4月19-20日『順徳院姫宮消息装飾経』調査のこと

今年に入ってから日記をつける機会を逃していたので大事な出来事を記録しておくことにする。

2018年末に『順徳院姫宮消息装飾経』調査依頼のお便りをいただいた。消息装飾経といわれるものは数多く現存しているが、はるばるスコットランドから不便なこちらのお寺にも調査に来ていただき本当に感謝している。良い機会なのでお手伝いがてら自身も勉強させていただいた。当初20日の午前中で調査を終える予定を組まれていたが、消息経が8巻もあること、さらに別に2巻計10巻も有ることで急遽19日の夕方から調査を始めることにした。保養荘の宿泊もなんとか確保して夕方6時より始めて保養荘門限ギリギリの10時終え、20日は午前8時より撮影を開始し、お昼頃発の京都行きの列車になんとか間に合った。以下赤崎地区公民館だより4月号より。

楞厳寺にて、Dr Halle O’Neal、Syouun Nikaido、Kaori Oikawa

左から Dr Halle O’Neal、Syouun Nikaido、Kaori Oikawa

英国スコットランド エジンバラ大学で日本文化を研究されているハリー・オニール博士(Dr Halle O’Neal)と、アシスタントおよび通訳として英国ウェールズ アベリストウィス大学、及川香(おいかわかおり)教授のお二人が楞厳寺へおいでになりました。

ハリー・オニール博士は神戸大学、百橋明穂(とのはしあきお)名誉教授の下で文部科学省の奨学金を受け日本美術史を学び、2018年夏、ハーバード大学出版より日本の仏画に関する本[『Word Embodied The Jeweled Pagoda Mandalas in Japanese Buddhist Art』を出版され、そして、次の研究として中世日本における消息経に関する研究論文の調査のため来日され、楞厳寺では、順徳院姫宮消息装飾経の調査が行われました。
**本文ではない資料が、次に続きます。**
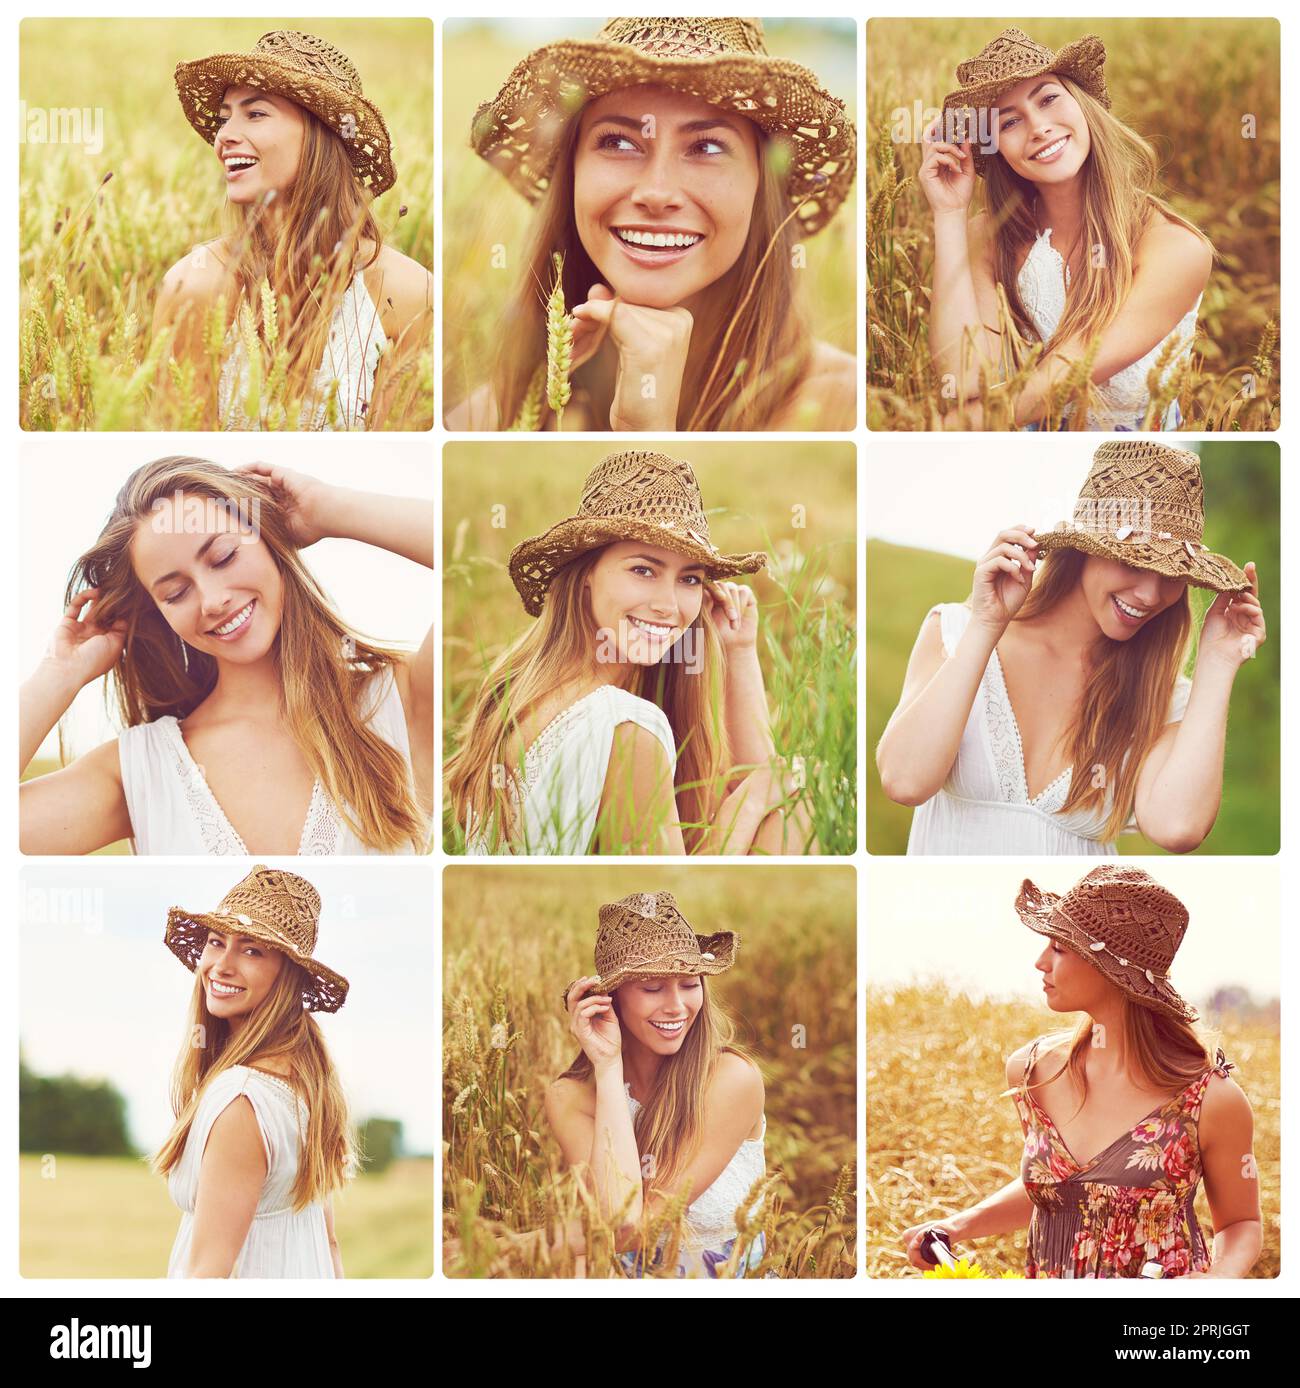 Respirate l'aria fresca della campagna. Immagine composita di una bella giovane donna fuori in un campo. Foto Stock

経文の背後にちらほらと現れる美しい「かな文字」に、思わず感嘆の声が上がります。無作為に散りばめられた文字の端に「うれし」(たぶん。。)という文字を見つけた時、経文に隠れたその後ろに一人の女性の姿がおぼろげながら見えてきた気がしました。『順徳院姫宮消息装飾経』については昭和53年発行「写真でつづる楞厳禅寺」、56年発行「楞厳禅寺随想」が発行される前、何日もかけての写真撮影が行われました。写真撮影により解読が進むかと思われましたが、それから半世紀近く経った今もまだ実現していません。ハリー・オニール博士のこの調査研究は「中世日本における消息経に関する論文」として先の本と同じハーバード大学出版から刊行される予定だと伺いました。これをきっかけに日本でも幅広い分野での研究が進むことを願っています。
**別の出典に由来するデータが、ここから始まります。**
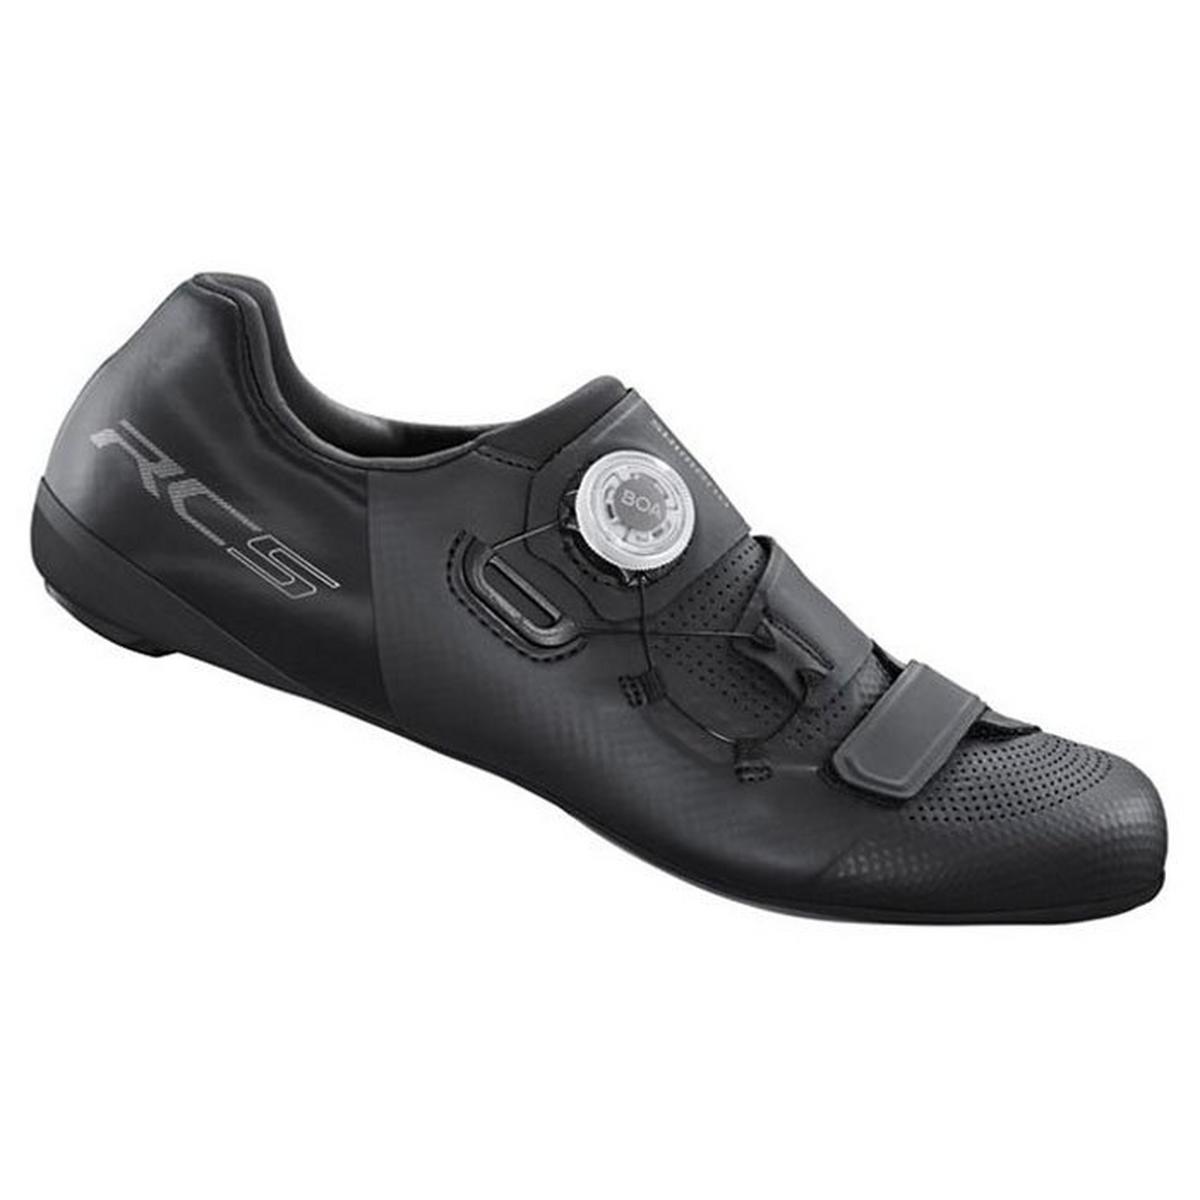 Chaussures de cyclisme RC502 unisexes

また今回、かな文字とともに背景に描かれた草木の水墨画も見ることができました。芒、女郎花、熊笹、松などの水墨画に銀彩が施されています。特に芒の繊細な葉の動きは雁皮の繊維と同じくらい細く細密に描かれています。銀が変色していないのも不思議でした。銀彩がはっきり見えるように画像を加工していますので少々ギラギラしていますが、実際は背景にもっと沈んで見えています。金界の幅は約22mmで、227mmの高さに17文字書かれています。実際の大きさと穂先18mmの面相筆と比較してみるとその線の細さがよくわかります。

 

おまけ

私もご一緒に記念撮影。4人で手分けして全て写真撮影を行い、ハリー博士は背中と腰を痛め、及川先生も通訳と撮影準備でへとへと、和尚は撮影後の巻物の巻き戻しに必死。せめてお寺の奥さんは食事の準備でもすればよかったと思いつつわたしもへとへとで、3人でコンビニへ向かう。おまけにハリー博士にお弁当をご馳走になるというオチがついた。またいつかゆっくりとおいでください。今度は田舎料理をぜひ。